Vitagraph Films Acquires All North American Rights for Official Spanish Oscar Submission, TAMBIEN LA LLUVIA (EVEN THE RAIN) From Wild Bunch

Columbus Day, October 12, 2010 – Vitagraph Films, LLC partners David Shultz and Margot Gerber announced today that they acquired all North American rights for Spain’s official entry for ‘Best Foreign Language Film” for the 2011 Oscars, TAMBIEN LA LLUVIA (EVEN THE RAIN) from Wild Bunch, on behalf of producer Juan Gordon’s Morena Films. Ironically the deal was finalized in time to announce the acquisition on Columbus Day, as the “film-within-a-film” in TAMBIEN LA LLUVIA chronicles some of gold-seeking Christopher Columbus’ exploits with the indigenous people he encountered in the Americas, circa 1492.

An official selection of the 2010 Toronto International Film Festival, TAMBIEN LA LLUVIA is directed by Icíar Bollaín from a screenplay by Paul Laverty (ROUTE IRISH), a frequent Ken Loach collaborator. The film stars Gael Garcia Bernal, Luis Tosar and Carlos Aduviri.

The deal was negotiated on Vitagraph’s behalf by European agent, Guy Amon of the Paris-based Leisure and Multimedia Consulting. LMC has been representing films in France since the early 1980s and works with Munich based TMG/CONCORDE FILM ‘s Dr. Herbert Kloiber and Markus Zimmer on film and television acquisitions for German speaking territories and sales in the French market of TMG's productions.

TAMBIEN LA LLUVIA sets up an intriguing dialogue about Spanish imperialism through incidents taking place some 500 years apart, while examining the personal belief systems of the members of a film crew headed by director Sebastian (Gael Garcia Bernal) and his producer Costa (Luis Tosar) who arrive in Bolivia to make a revisionist film about the conquest of Latin America. Set in February and March of 2000 when real-life protests against the privatization of water rocked the nation, the film reflexively blurs the line between fiction and reality in what Variety calls "a powerful, richly layered indictment of the plight of Latin America's dispossessed." Carlos Aduviri is dynamic as a local who is cast as a 15th century native in the film, but when the make-up and loin cloth come off, he sails into action protesting his community’s deprivation of water at the hands of the government. Meanwhile, Gael Garcia Bernal’s Idealist film director is as relentless as Werner Herzog infamously was in making FITZCARALDO, pushing ahead against all odds, ignoring the prevailing danger about to disrupt at any moment. Despite the devastation emerging around him, Sebastian seems unable to engage with any emotion over than a dogmatic desire to get his film done. And of course, the film also recalls themes in Herzog’s AGUIRRE, THE WRATH OF GOD and the film-within-a-film scenes are as brutal as any in APOCALYPTO.
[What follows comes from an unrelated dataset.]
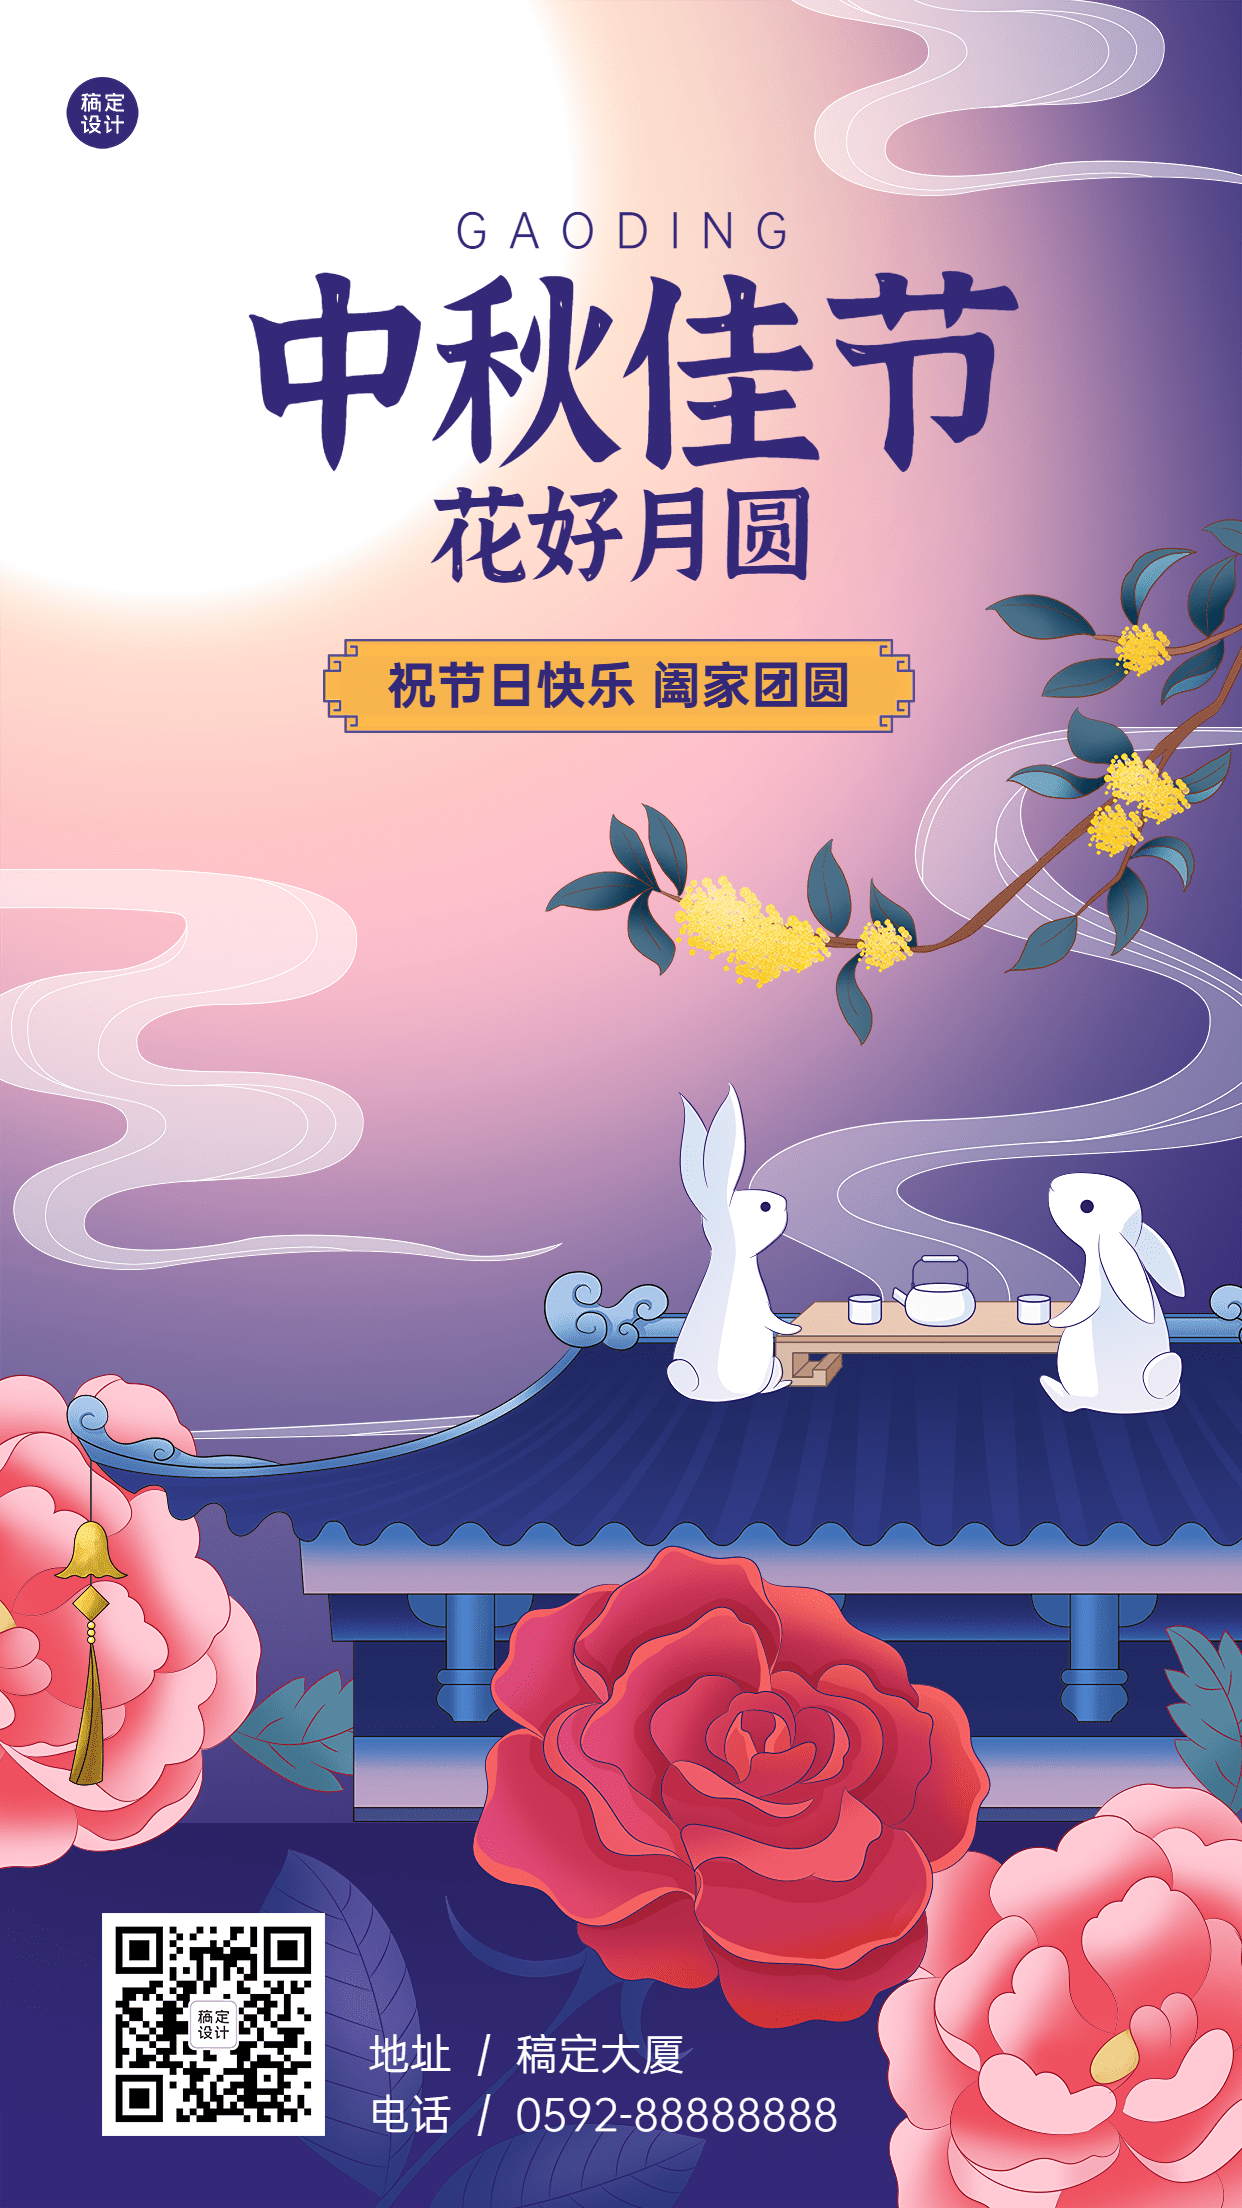 中秋节节日祝福电子贺卡排版插画手机海报预览效果

Founded in 1999, the Los Angeles based Vitagraph Films, LLC is a self contained theatrical and home optical, television distribution entity. Vitagraph currently has the documentary AHEAD OF TIME: The Remarkable Life Story of Ruth Gruber (directed by Bob Richman) in theatres and will open TODAY’s SPECIAL on November 19th. In 2009, Vitagraph Films distributed VALENTINO THE LAST EMPEROR, a documentary on the Italian haute couture fashion designer Valentino and the Academy Award and Golden Globe nominated THE BAADER MEINHOF COMPLEX: The Story of the Red Army Faction, a docudrama based on the West German terrorist group that formed in the late 1960s in opposition to the prevailing post-WWII government. In 2005, Vitagraph Films released Spanish filmmaker Alex de la Iglesias’ EL CRIMEN FERPECTO in the U.S.